■ **Exercise goal**: Output, word for word and without pictures, the lines from the one containing "seconds - tarot" through the final line of the listing below.

■ **Exercise data**:
# # # #

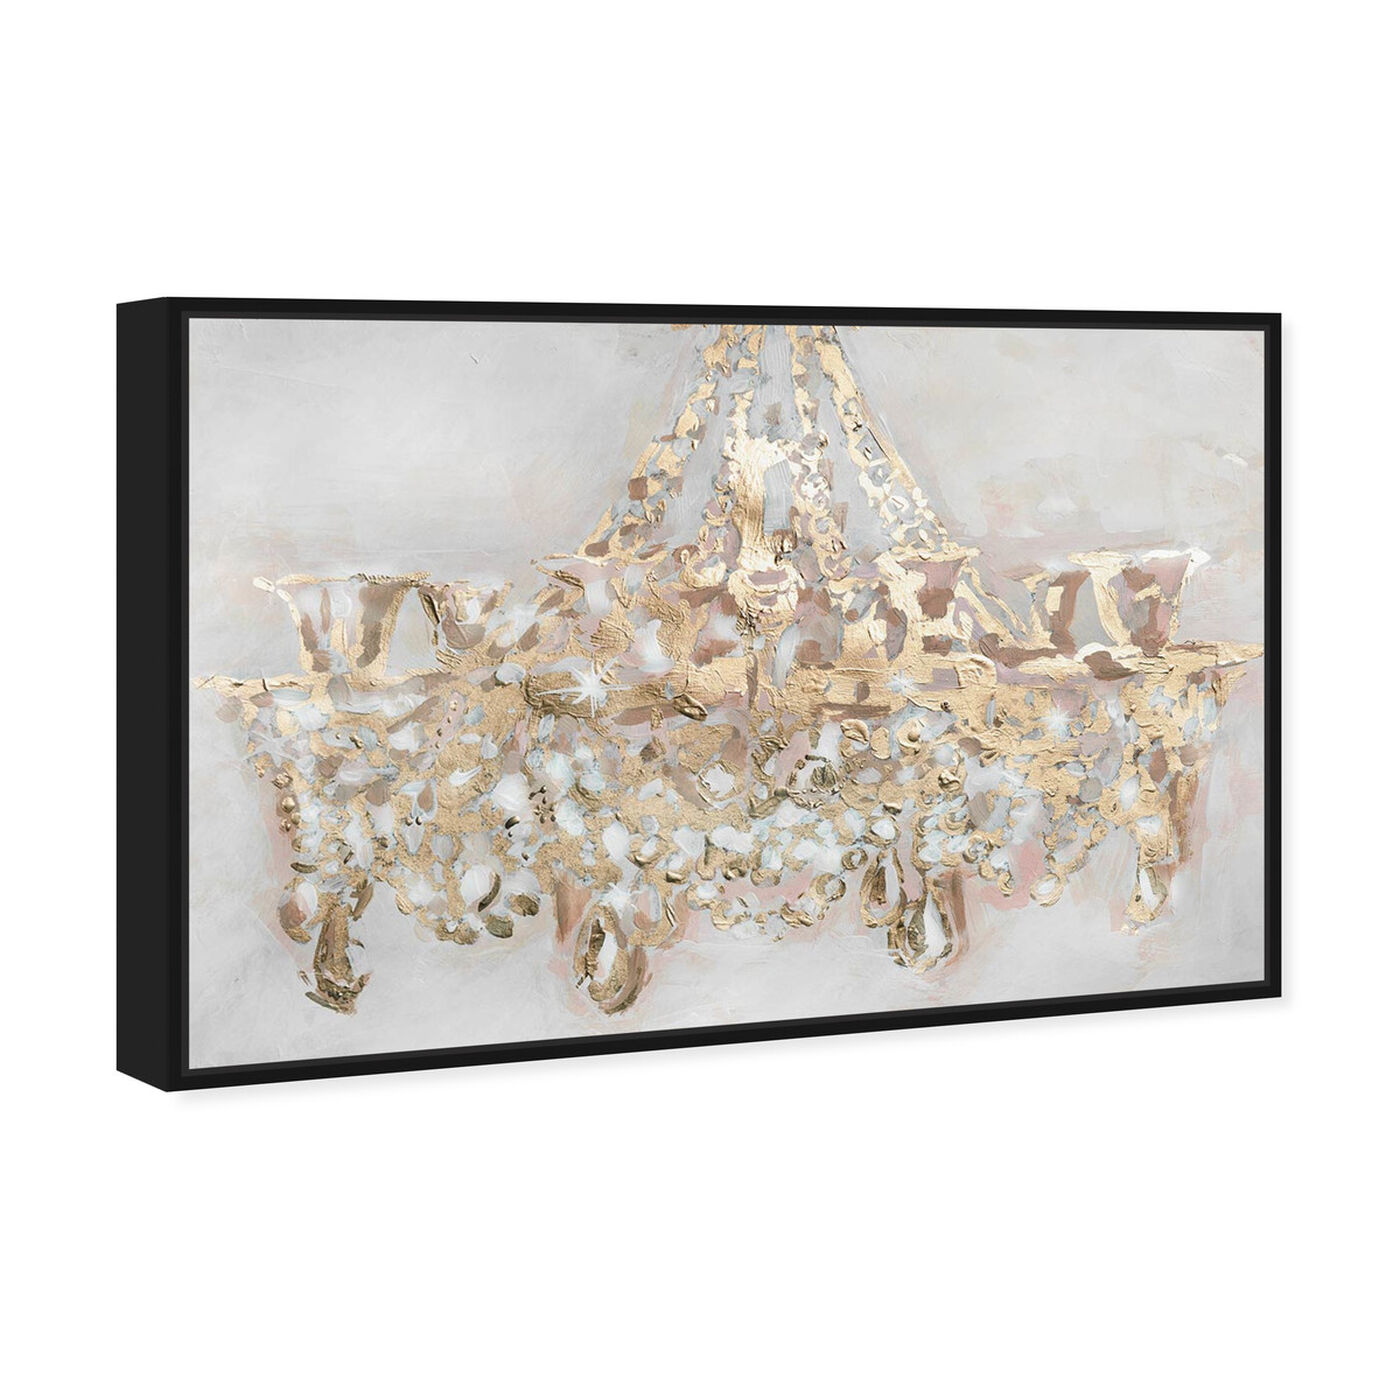 Angled view of Candelabro featuring fashion and glam and chandeliers art.
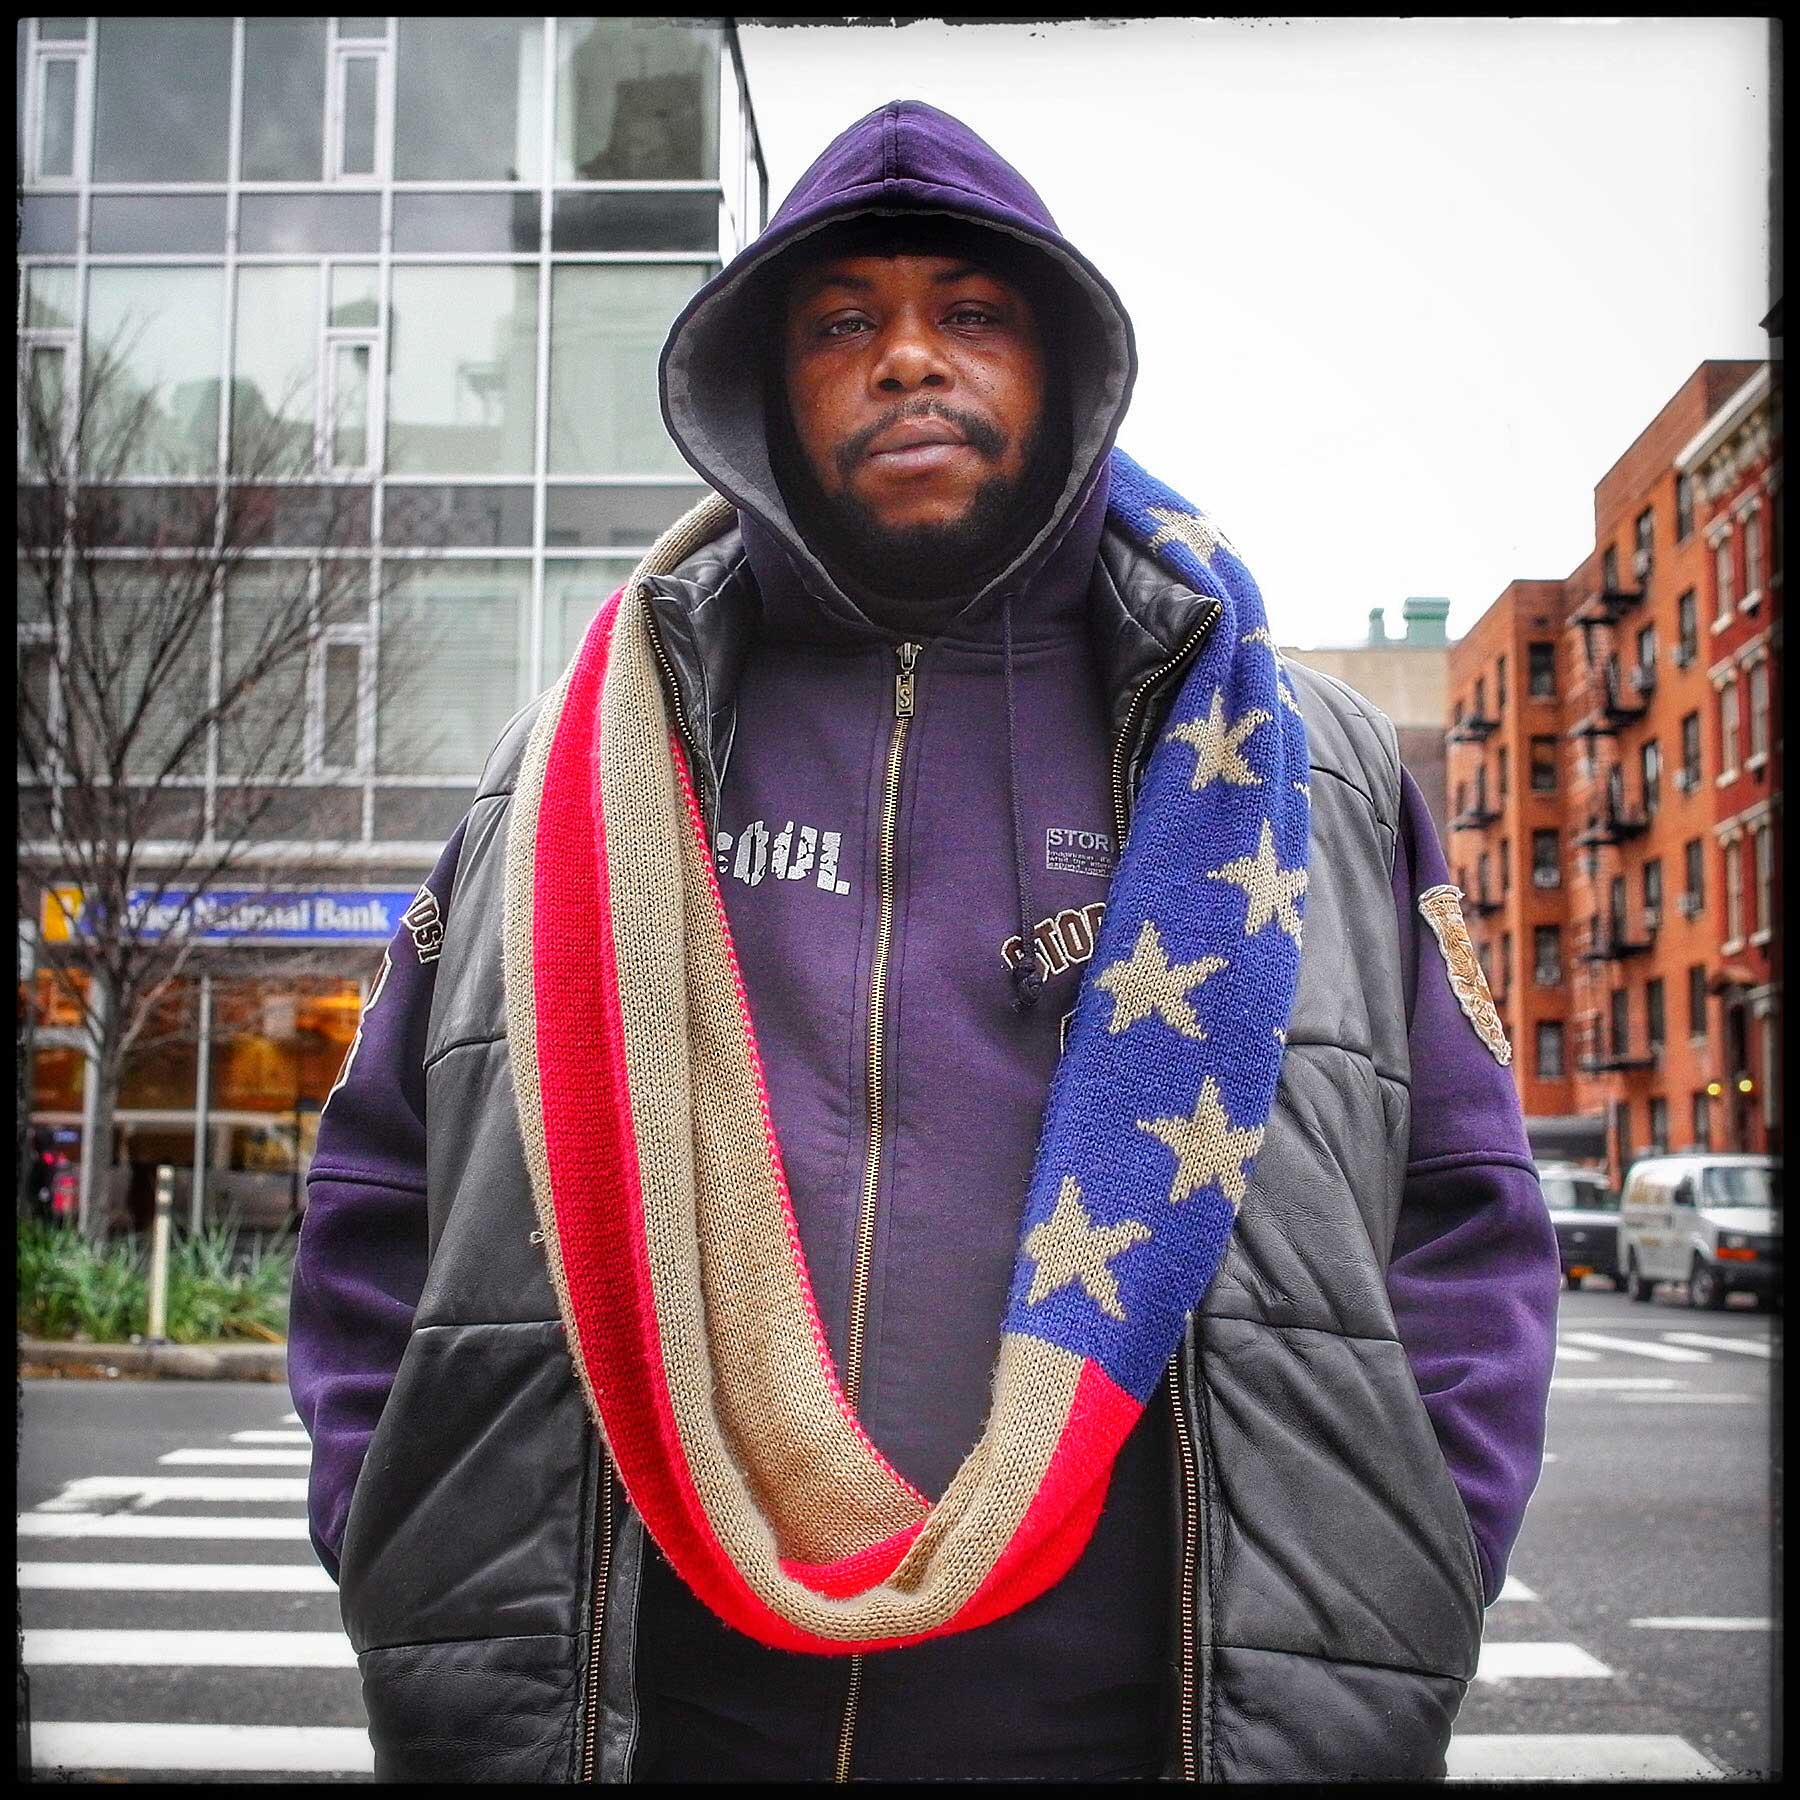 The flag project was one born out of my need to find out why if blacks have been treated so poorly historically in this country, why do they wear the flag. The man I met on the streets of Manhattan said that "This is my country, I was born here. I am a proud American."
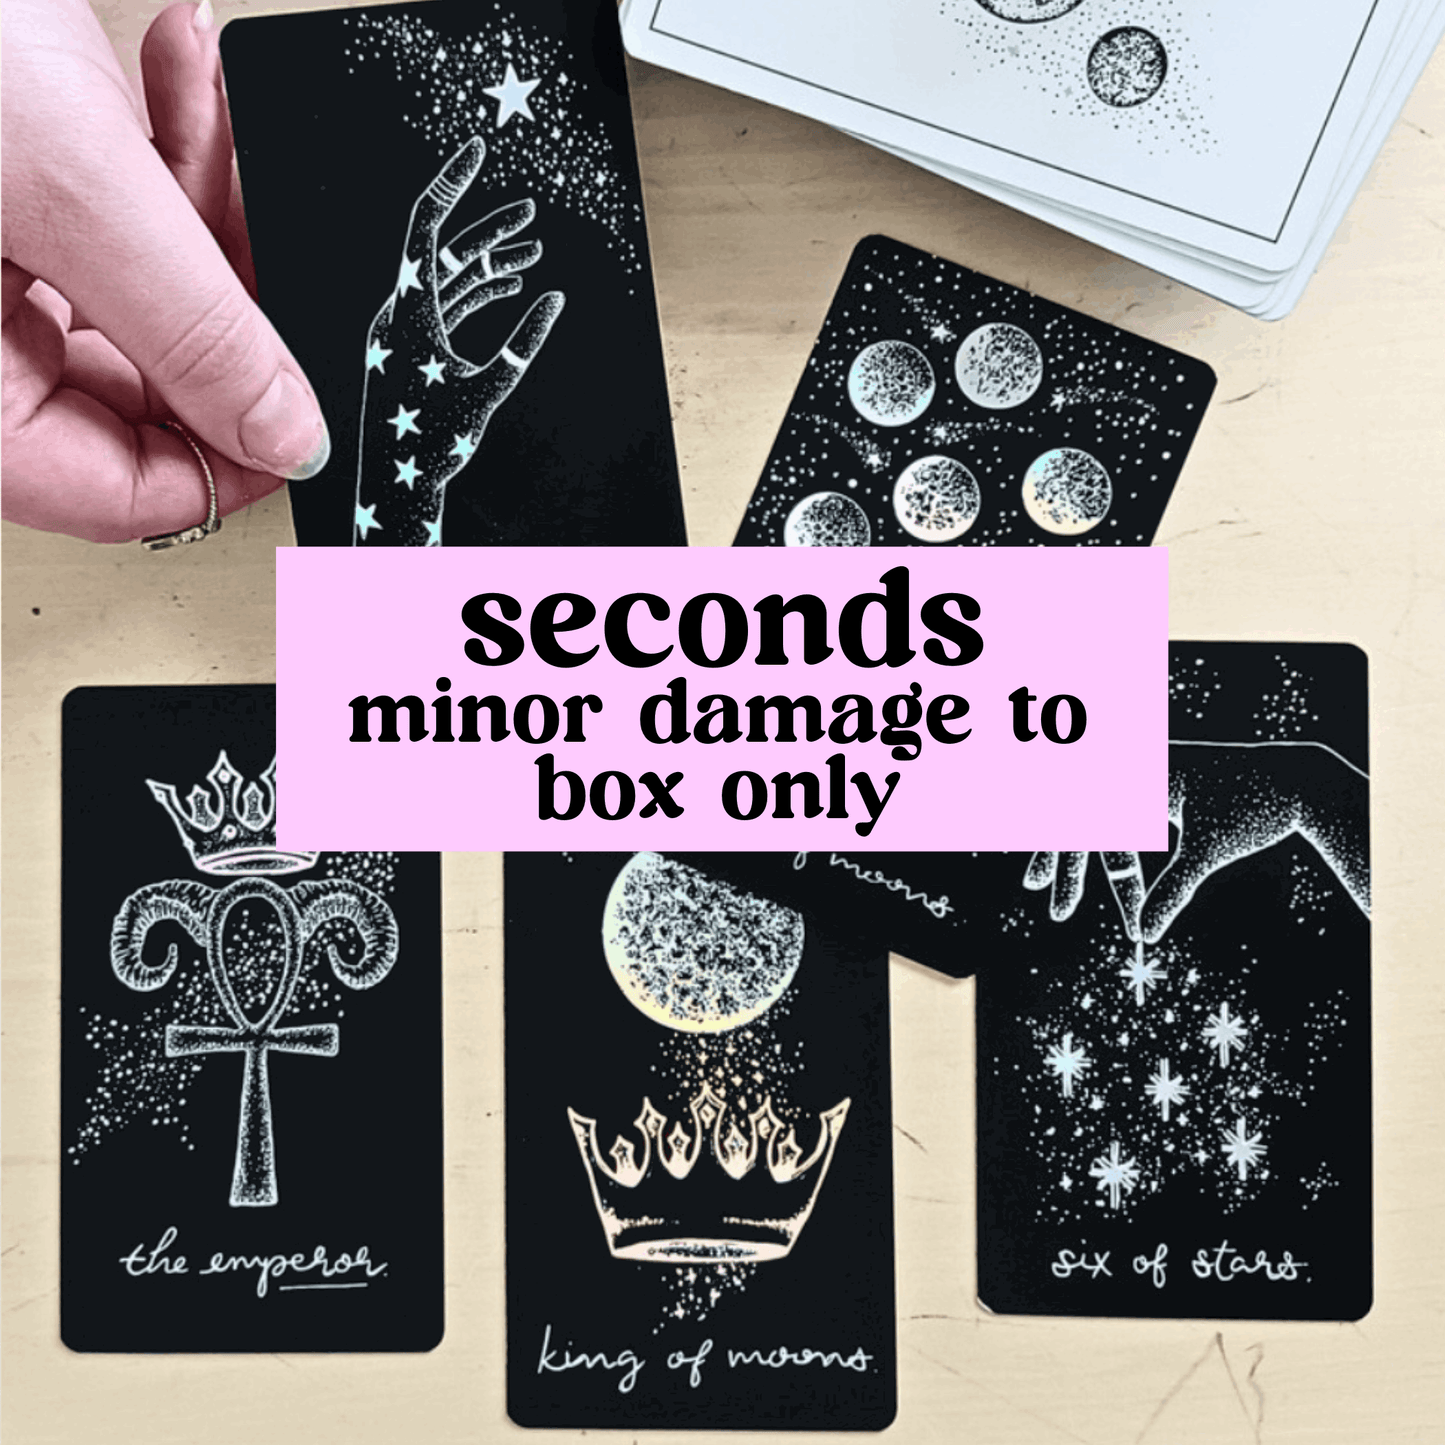 seconds - tarot deck: minor damage to box only.
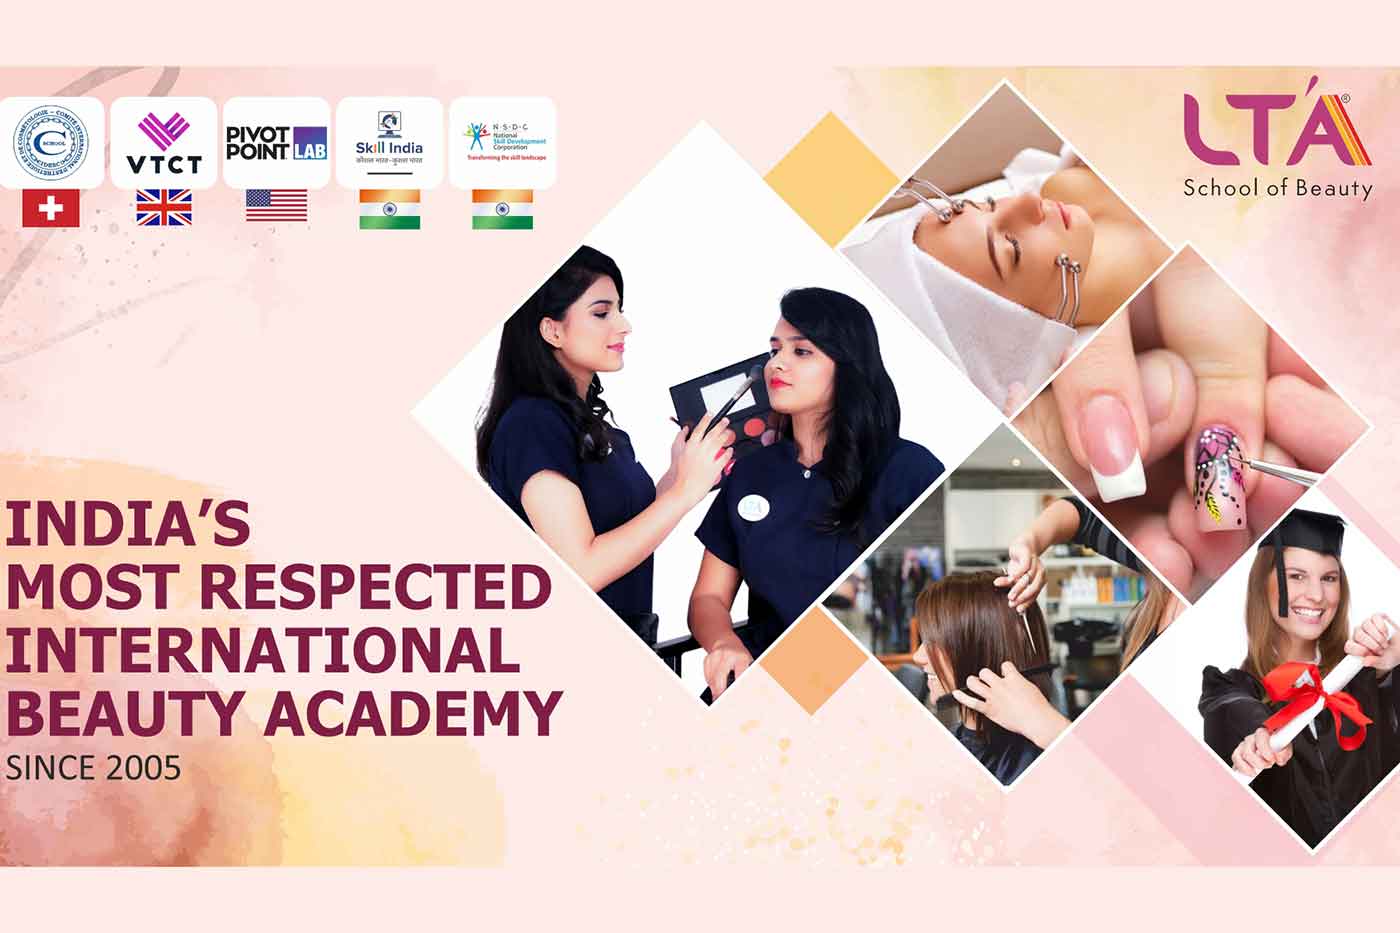 LTA School of Beauty launches a Master’s Program in Beauty cosmetology

# # # #

■ **Worked solution**:
 seconds - tarot deck: minor damage to box only.
 LTA School of Beauty launches a Master’s Program in Beauty cosmetology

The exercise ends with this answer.